= Cleaved amplified polymorphic sequence =

The cleaved amplified polymorphic sequence (CAPS) method is a technique in molecular biology for the analysis of genetic markers. It is an extension to the restriction fragment length polymorphism (RFLP) method, using polymerase chain reaction (PCR) to more quickly analyse the results.

Like RFLP, CAPS works on the principle that genetic differences between individuals can create or abolish restriction endonuclease restriction sites, and that these differences can be detected in the resulting DNA fragment length after digestion.

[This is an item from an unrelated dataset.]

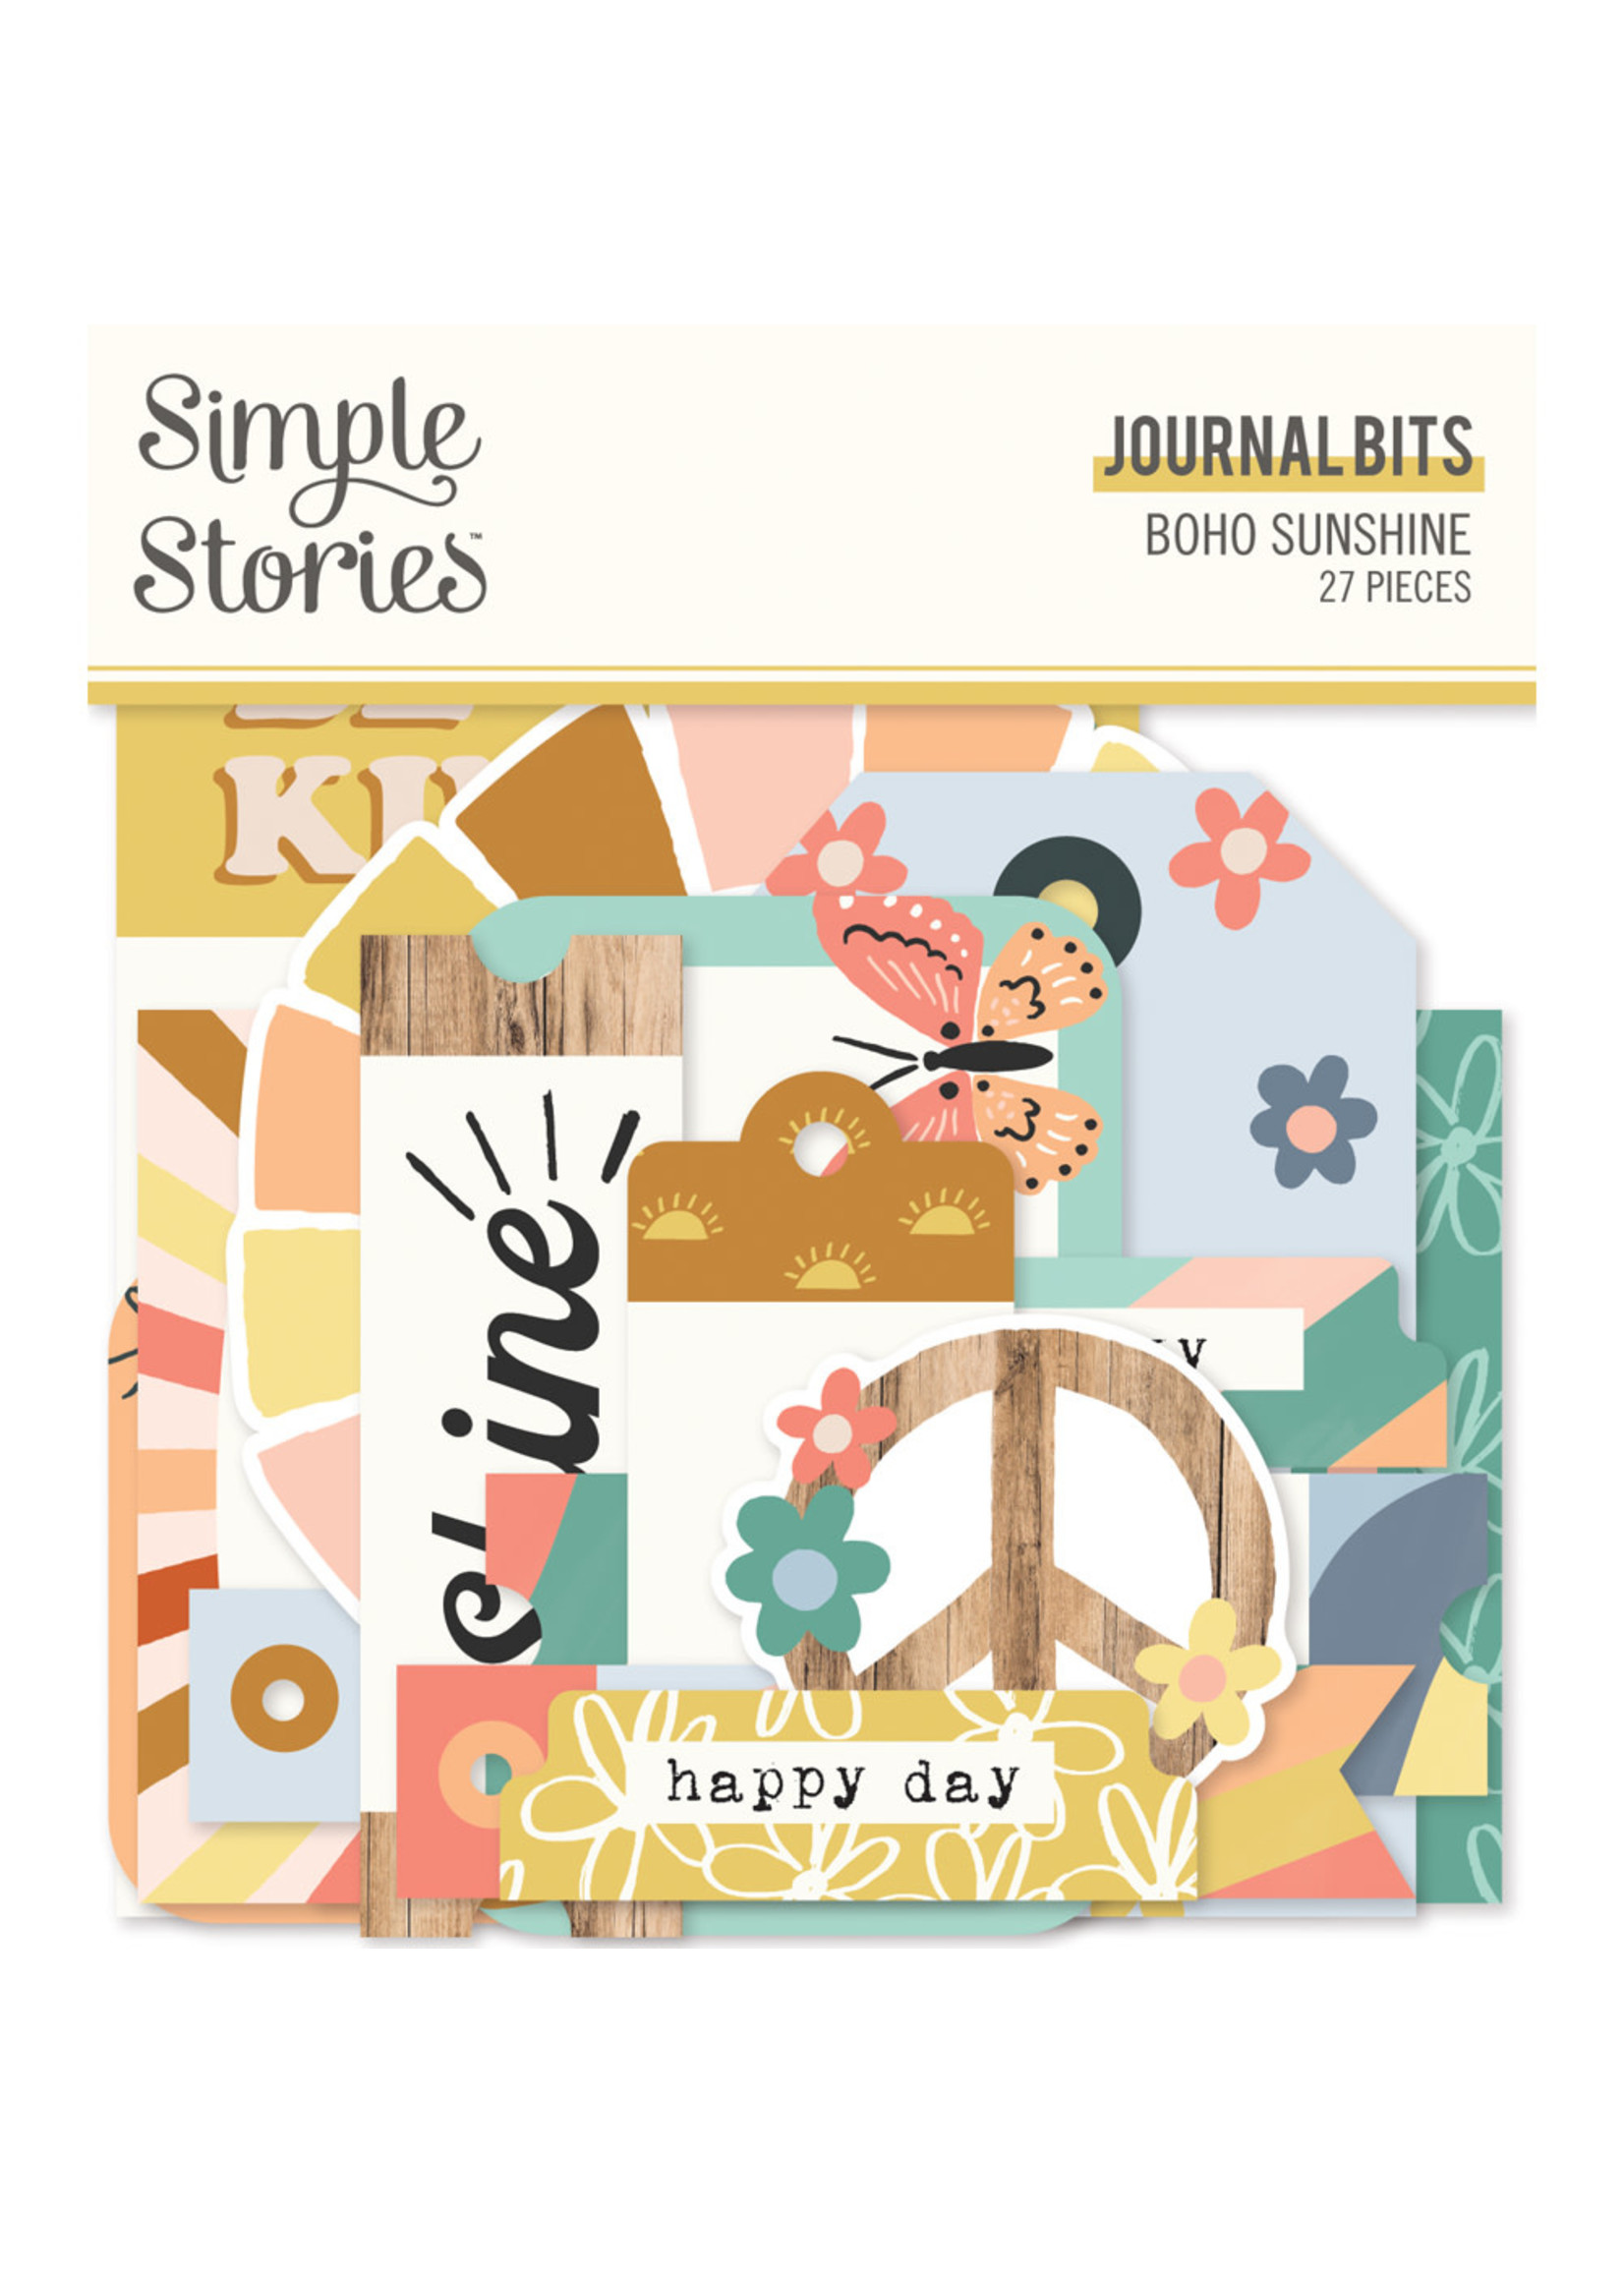 Simple Stories Boho Sunshine - Journal Bits & Pieces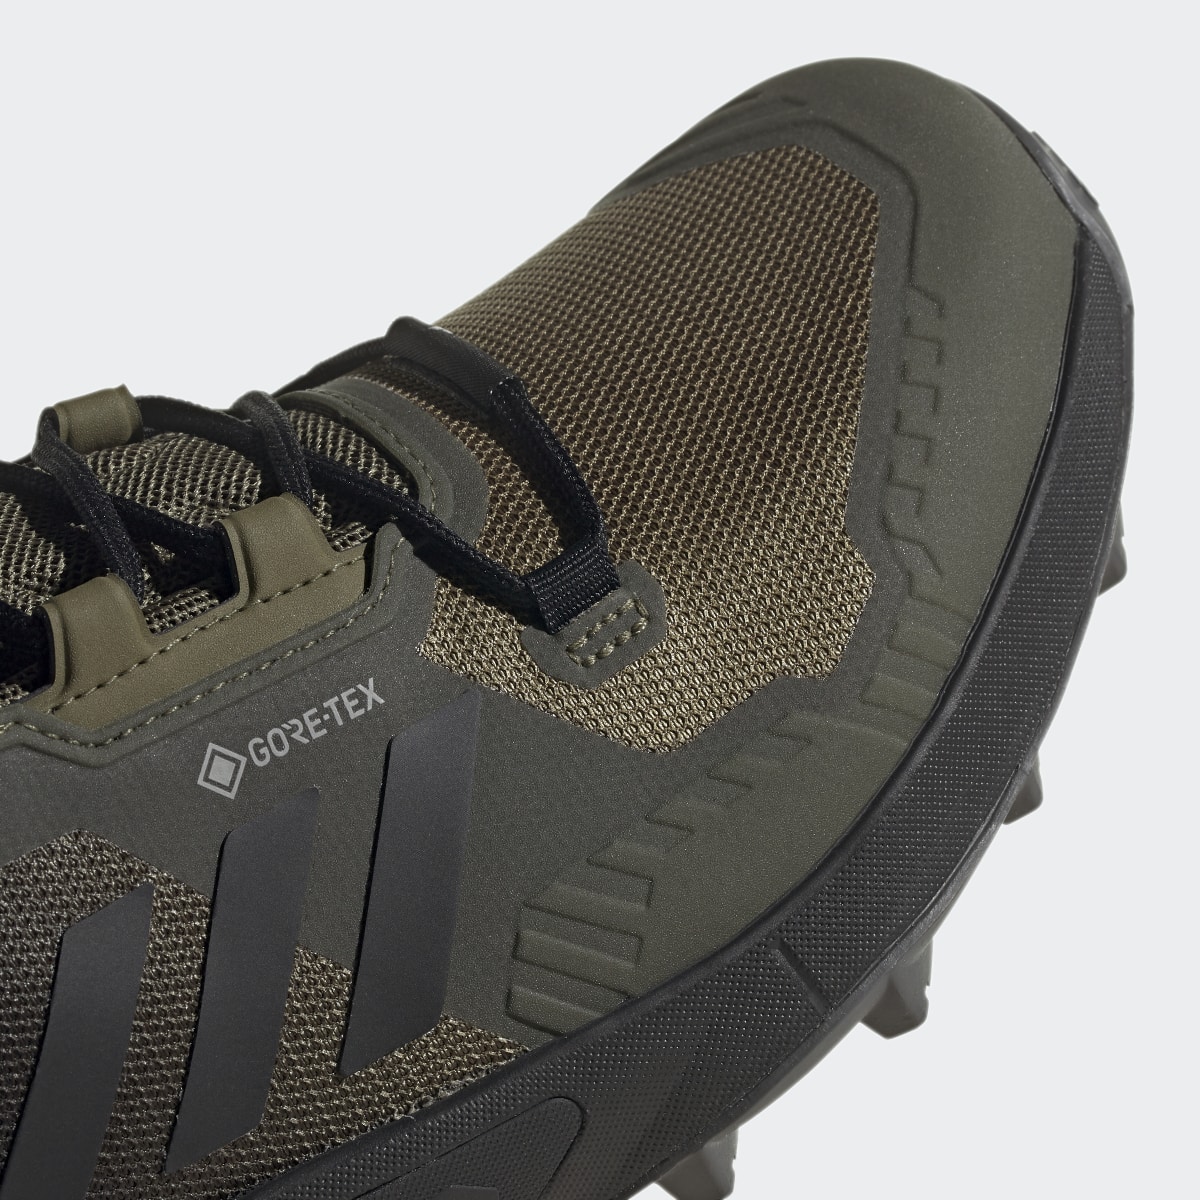 Adidas Terrex Swift R3 GORE-TEX Hiking Shoes. 10

In the CAPS method, PCR amplification is directed across the altered restriction site, and the products digested with the restriction enzyme. When fractionated by agarose or polyacrylamide gel electrophoresis, the digested PCR products will give readily distinguishable patterns of bands. Alternatively, the amplified segment can be analyzed by allele-specific oligonucleotide (ASO) probes, a process that can often be done by a simple dot blot.

== Advantages ==
CAPS markers are co-dominant genetic markers, meaning they produce different digestion patterns for individuals that are homozygous or heterozygous for a particular allele. The derived CAPS (dCAPS) variant allows for the detection of single nucleotide polymorphisms (SNPs) that do not naturally create or destroy a restriction site by using a mismatched PCR primer to engineer a polymorphism.

== Applications ==
In plant genetics and breeding, CAPS markers are used for gene mapping and marker-assisted selection, and have also been used in genetic diversity and population structure analyses. A 2024 review describes CAPS markers as important in horticultural crops for QTL delimitation and for identifying loci linked to disease resistance, yield, and quality traits.